(Work item): Write out the listing below in its entirety, minus the pictures, without changing a word.

(Stored data):

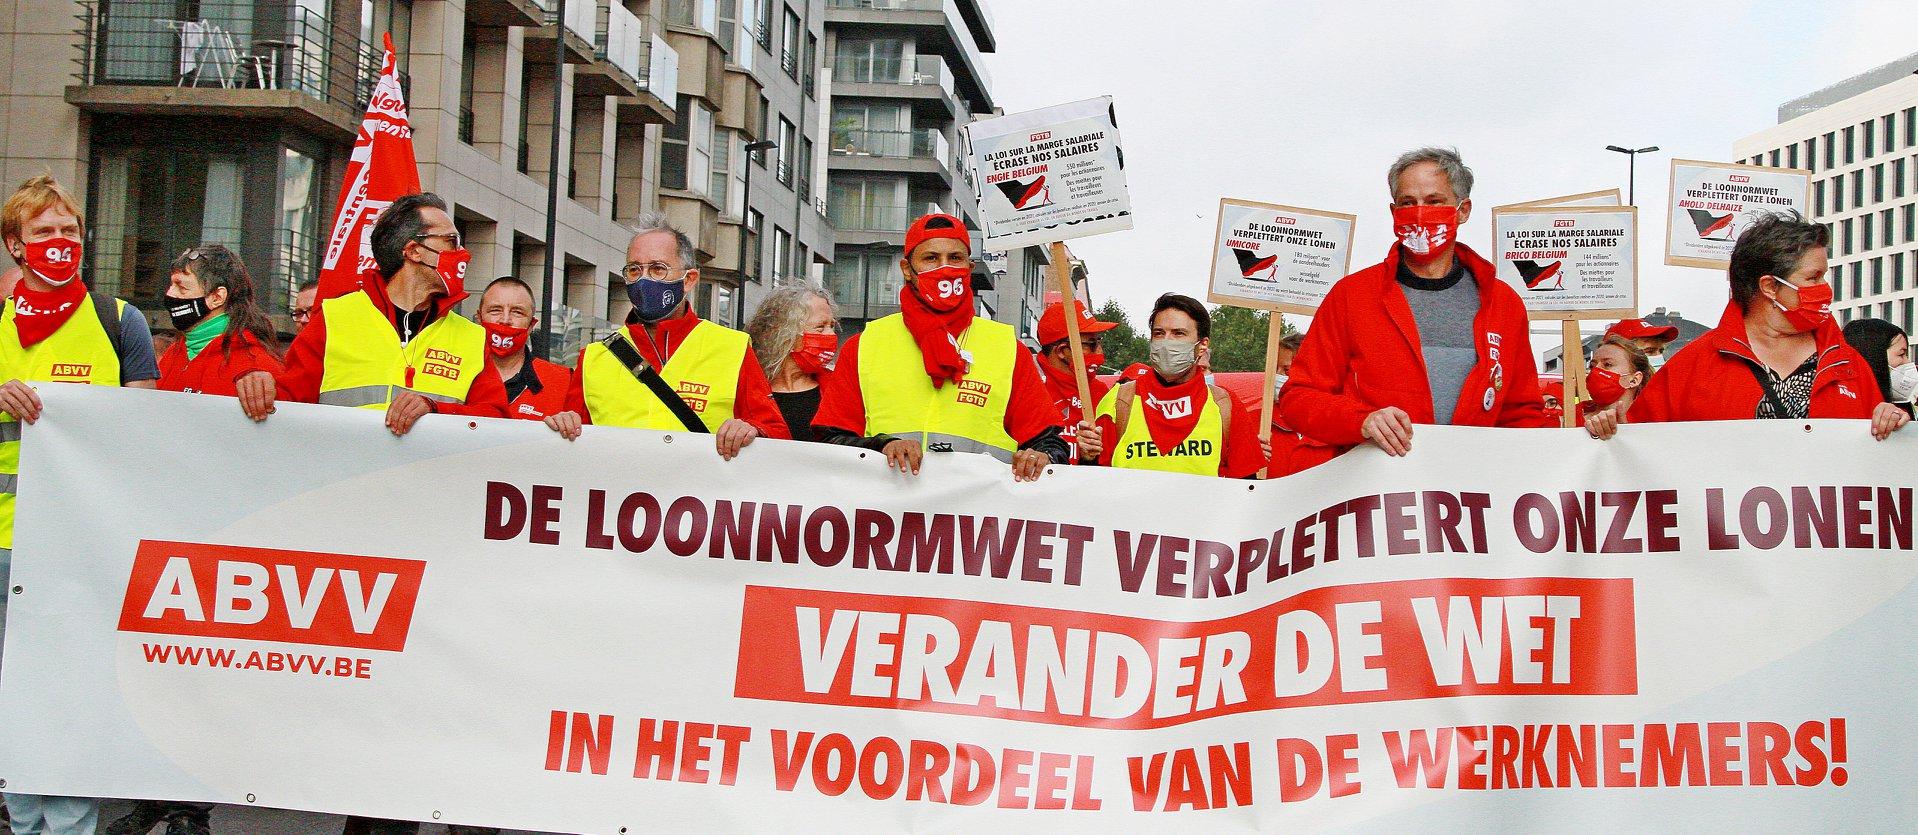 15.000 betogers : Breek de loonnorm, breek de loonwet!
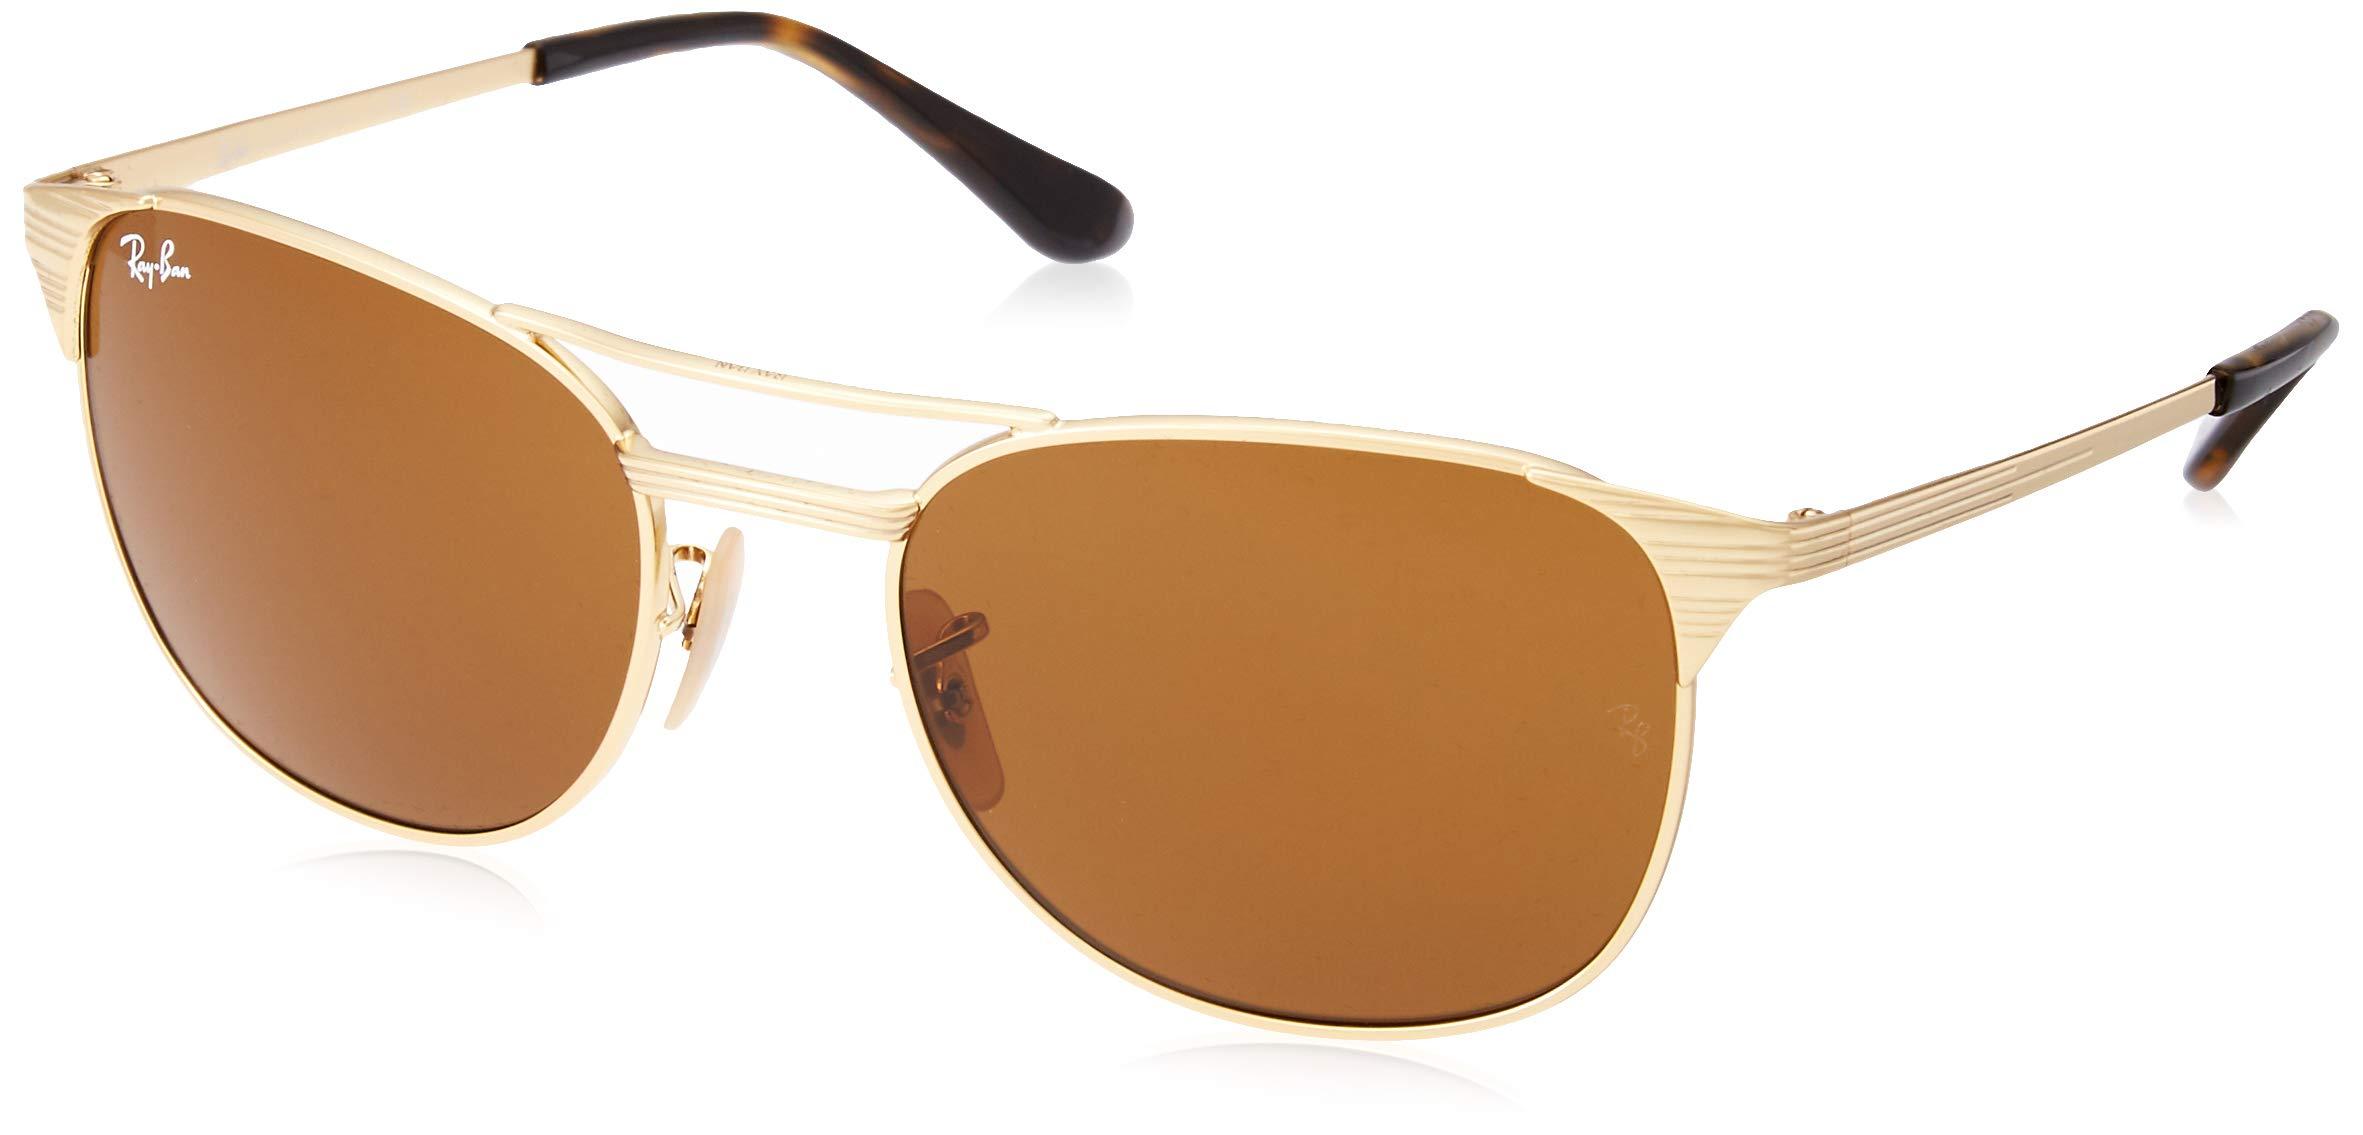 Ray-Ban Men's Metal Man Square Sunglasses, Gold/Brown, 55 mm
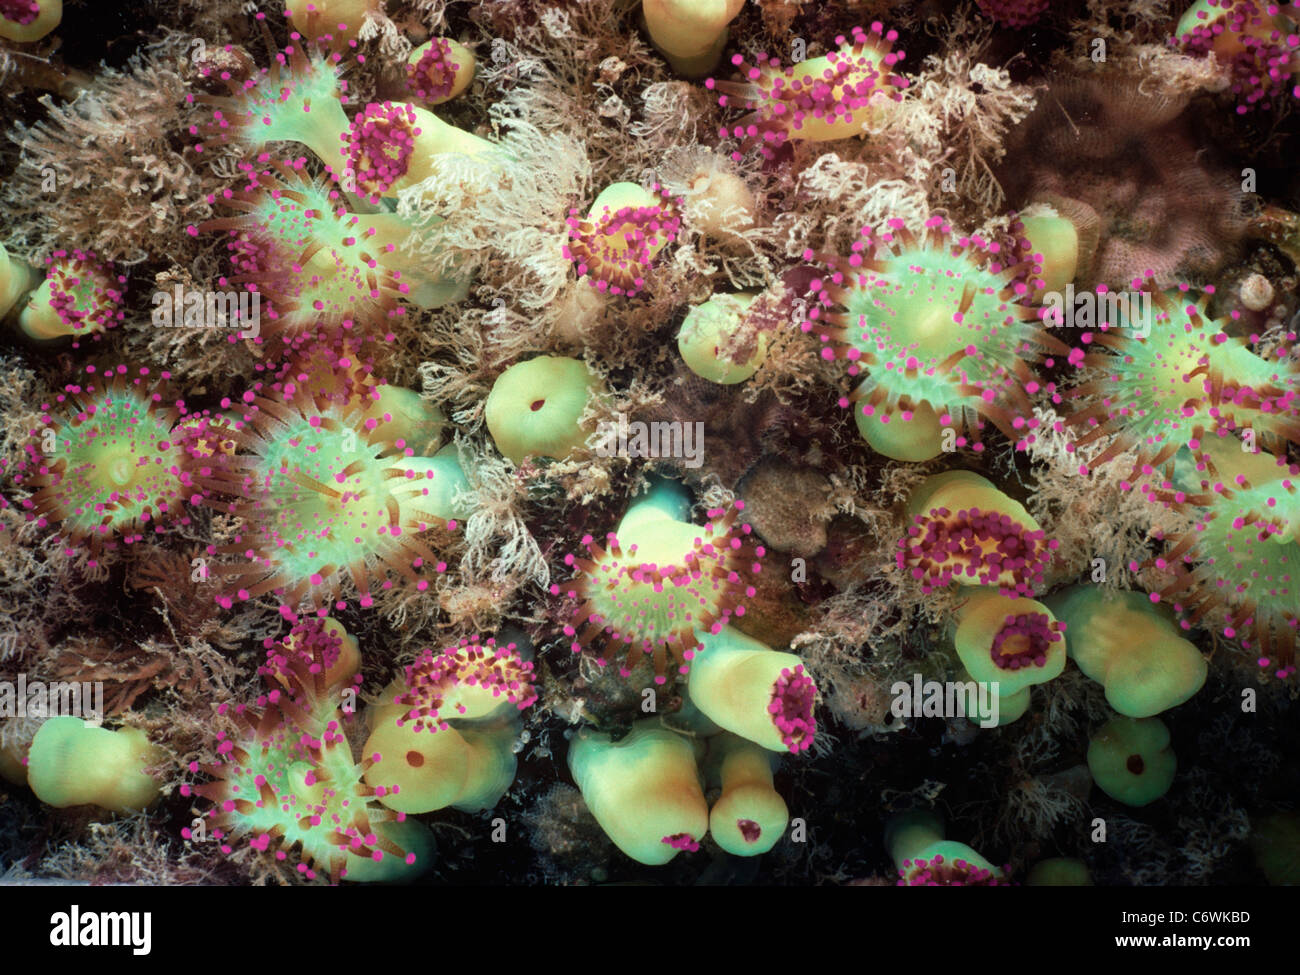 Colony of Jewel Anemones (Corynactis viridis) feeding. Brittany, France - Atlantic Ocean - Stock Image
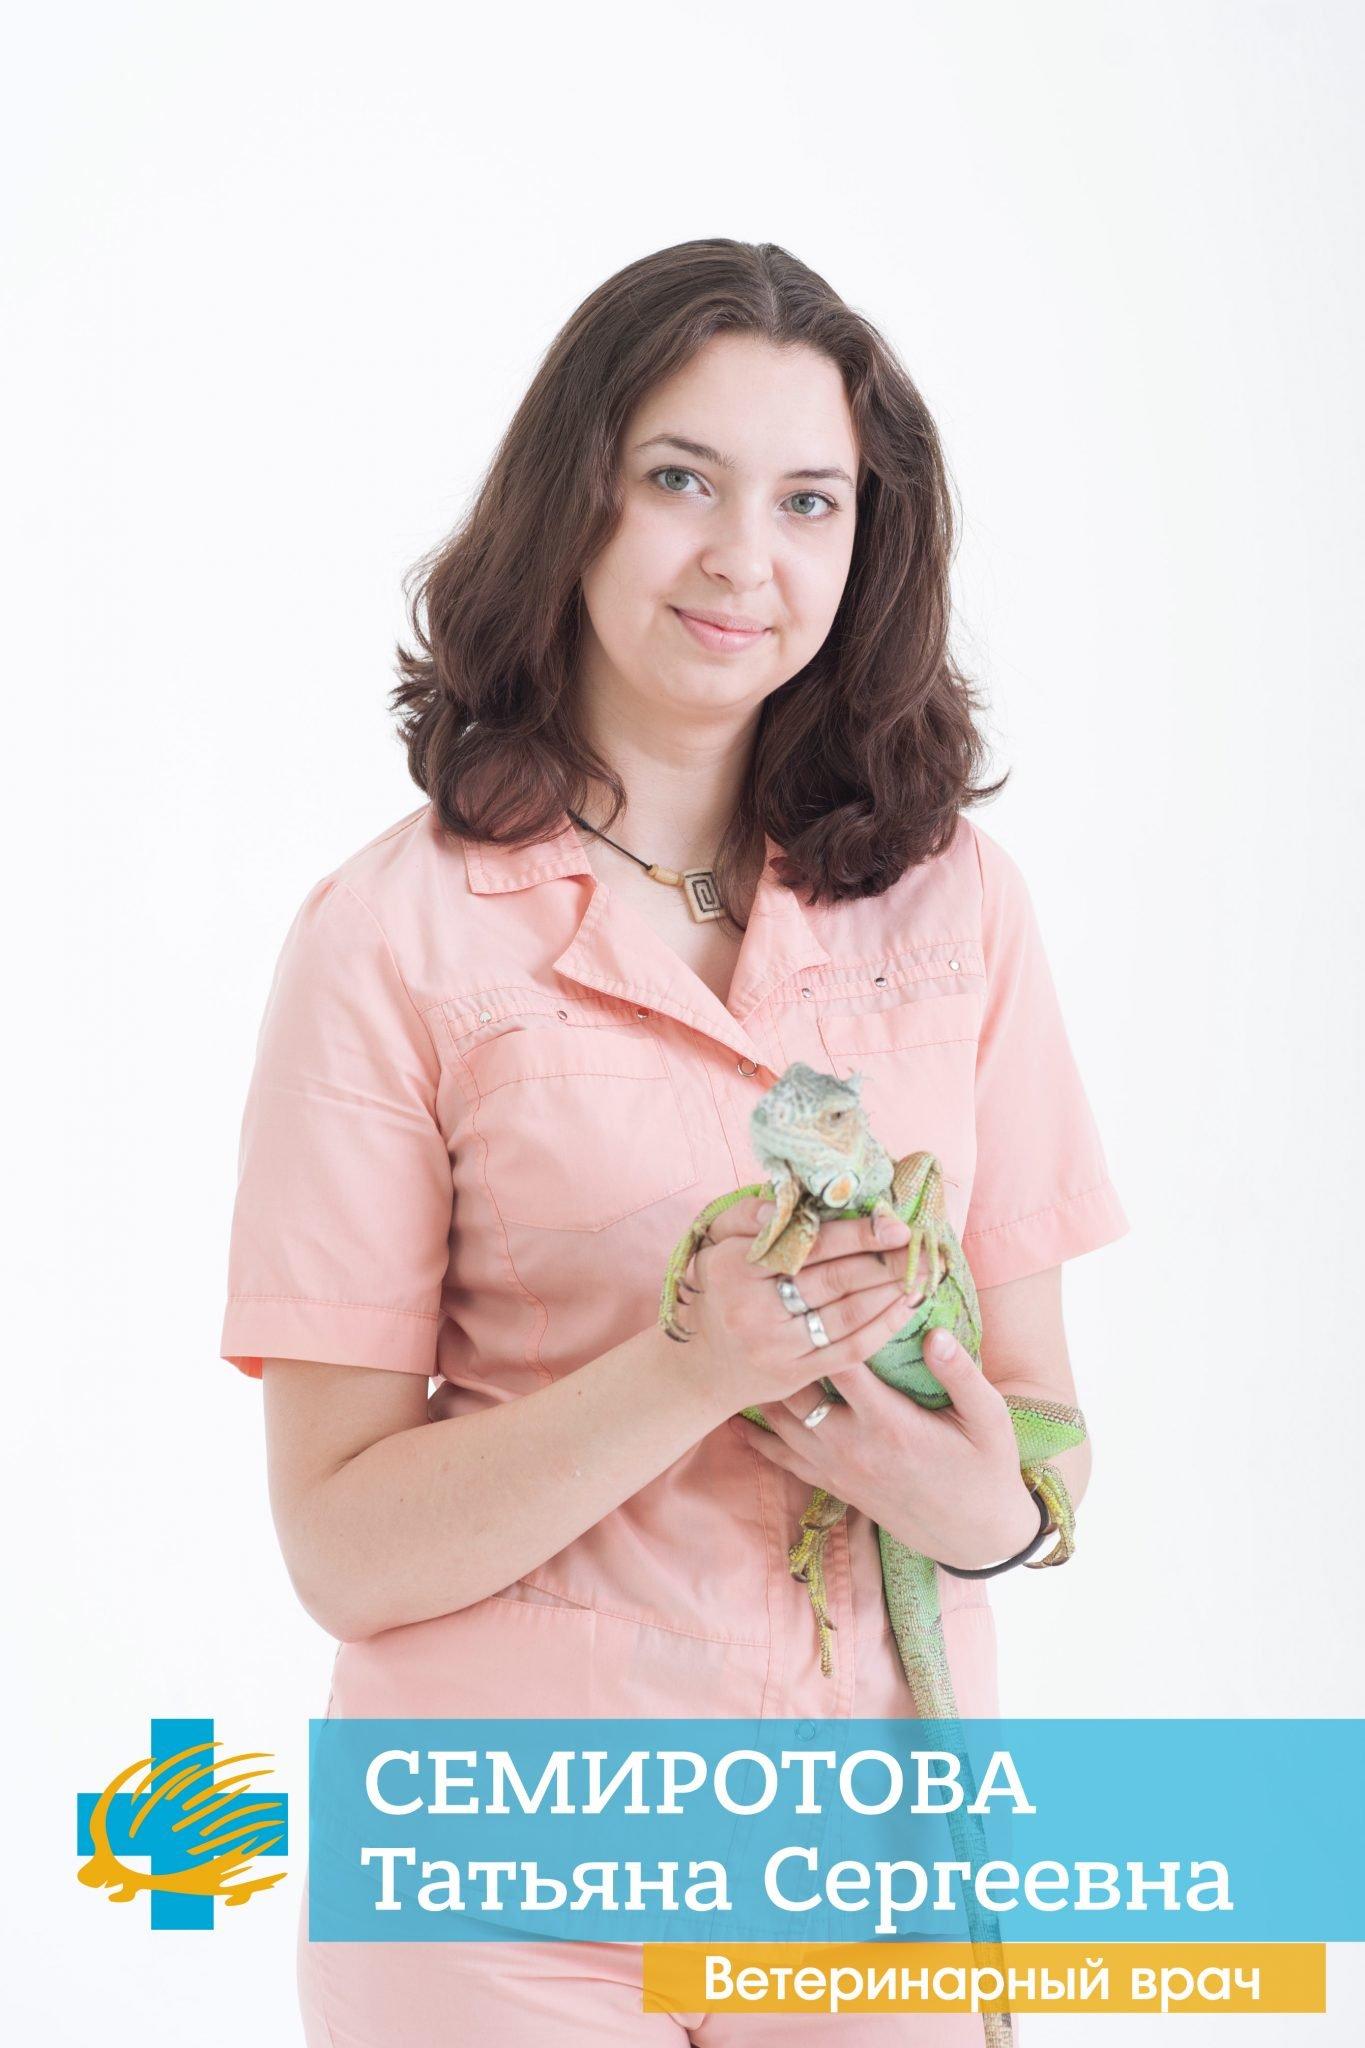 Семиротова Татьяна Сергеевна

(The answer):
 15.000 betogers : Breek de loonnorm, breek de loonwet!
 Ray-Ban Men's Metal Man Square Sunglasses, Gold/Brown, 55 mm
 Colony of Jewel Anemones (Corynactis viridis) feeding. Brittany, France - Atlantic Ocean - Stock Image
 Семиротова Татьяна Сергеевна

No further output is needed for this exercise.